Creio que o exemplo do presidente norte-americano George Bush, que restringiu o uso de dinheiro público federal americano no financiamento da destruição de embriões humanos, é importante e deve ser emulado. É preciso estabelecer normas claras, e que os pesquisadores aceitem limitações. Cito, a propósito, o renomado cientista sul-coreano Woo Sok Hwang, que recentemente obteve algum sucesso em células-tronco, e que, mesmo assim, afirma categoricamente: "Clonar um ser humano é tolice. Não é ético ou seguro, de forma alguma, além de tecnicamente impossível."

Talvez o mais importante seja ter a coragem para proclamar que nem tudo o que a tecnologia nos permite fazer deve ser feito, principalmente em razão de nossa responsabilidade pelas futuras gerações, que serão afetadas por aquilo que hoje realizarmos.

1. 1. Para um melhor entendimento, aconselhamos a leitura da entrevista do Rabino, "Clonagem Humana". Vide Morashá no 33, junho de 2001.

Rabino Y. David Weitman, originário da Bélgica, freqüentou academias talmúdicas em Israel, França e Nova York. Graduou-se juiz de corte rabínica em 1979, ano em que se fixou no Brasil. Em 1990 fundou o Centro Judaico Chabad Morumbi e dois anos depois estabeleceu a Institução Beneficente Israelita Ten Yad, dedicada ao combate à fome e ao resgate da dignidade de pessoas carentes. Reconhecido articulista e palestrante sobre pensamento judaico, misticismo e temas contemporâneos.

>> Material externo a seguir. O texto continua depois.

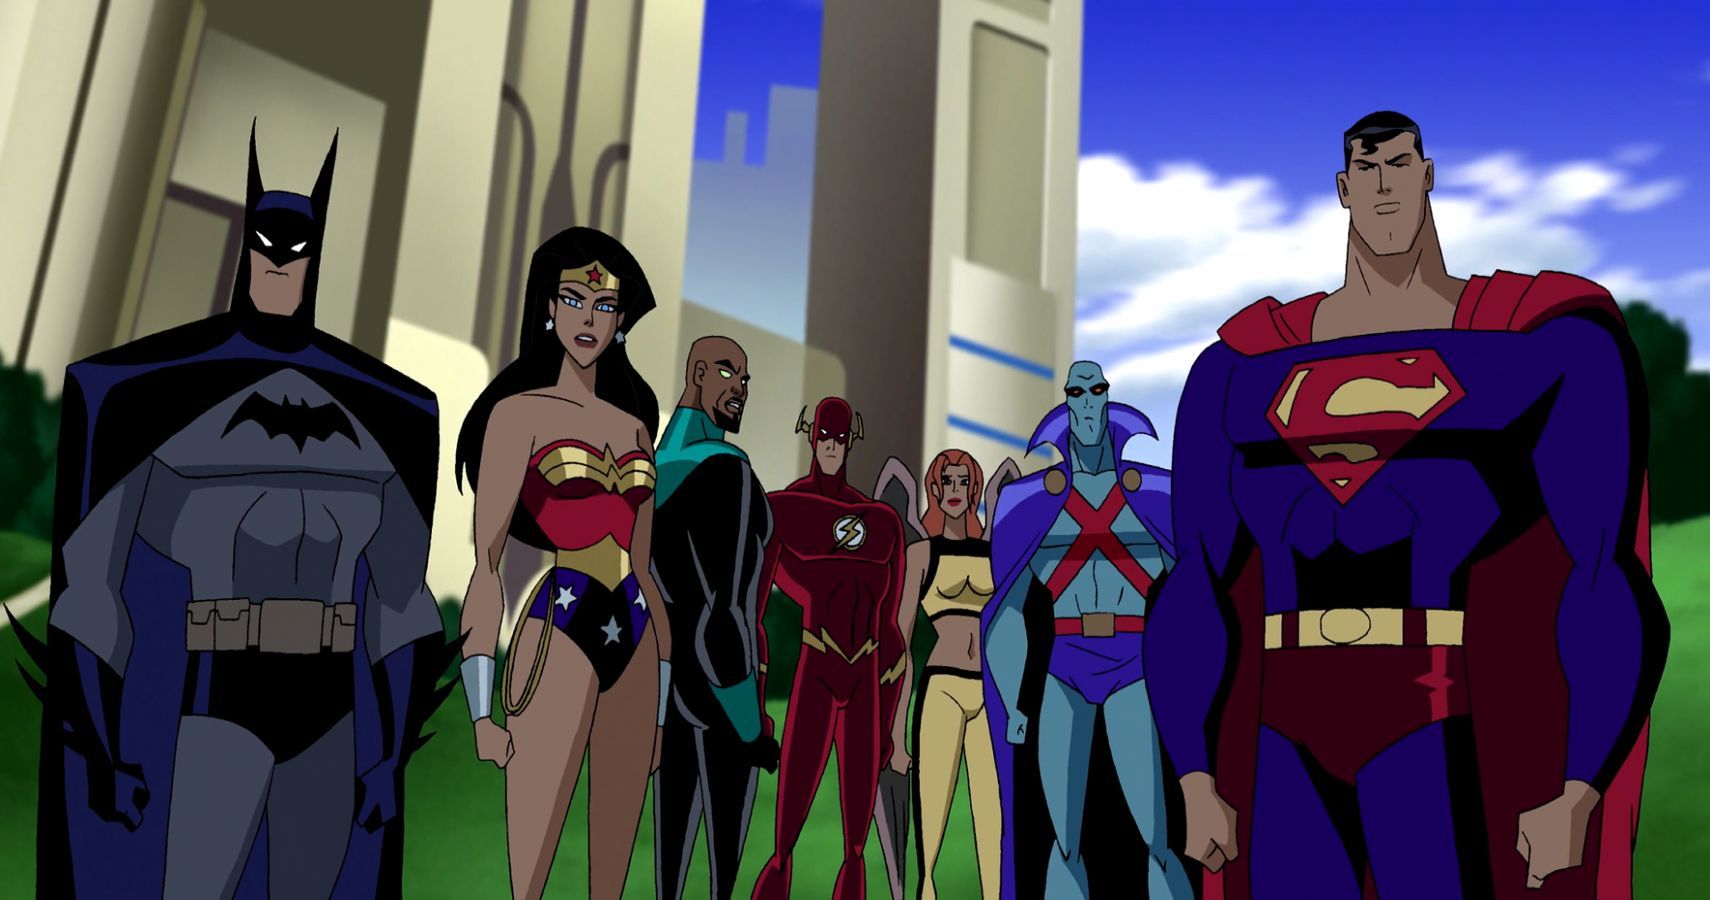 The cast of the animated Justice League

Rabino Y. David Weitman é o autor de "Bandeirantes Espirituais do Brasil" que descreve a contribuição judaica no Brasil colonial e atua como rabino na Sinagoga Beit Yaacov da Congregação e Beneficência Sefardi Paulista, situada na região de Higienópolis. Professor dinâmico, transmite conceitos tão antigos quanto profundos em uma linguagem clara e acessível, logrando que a autêntica mensagem milenar judaica chegue intacta aos corações de suas audiências.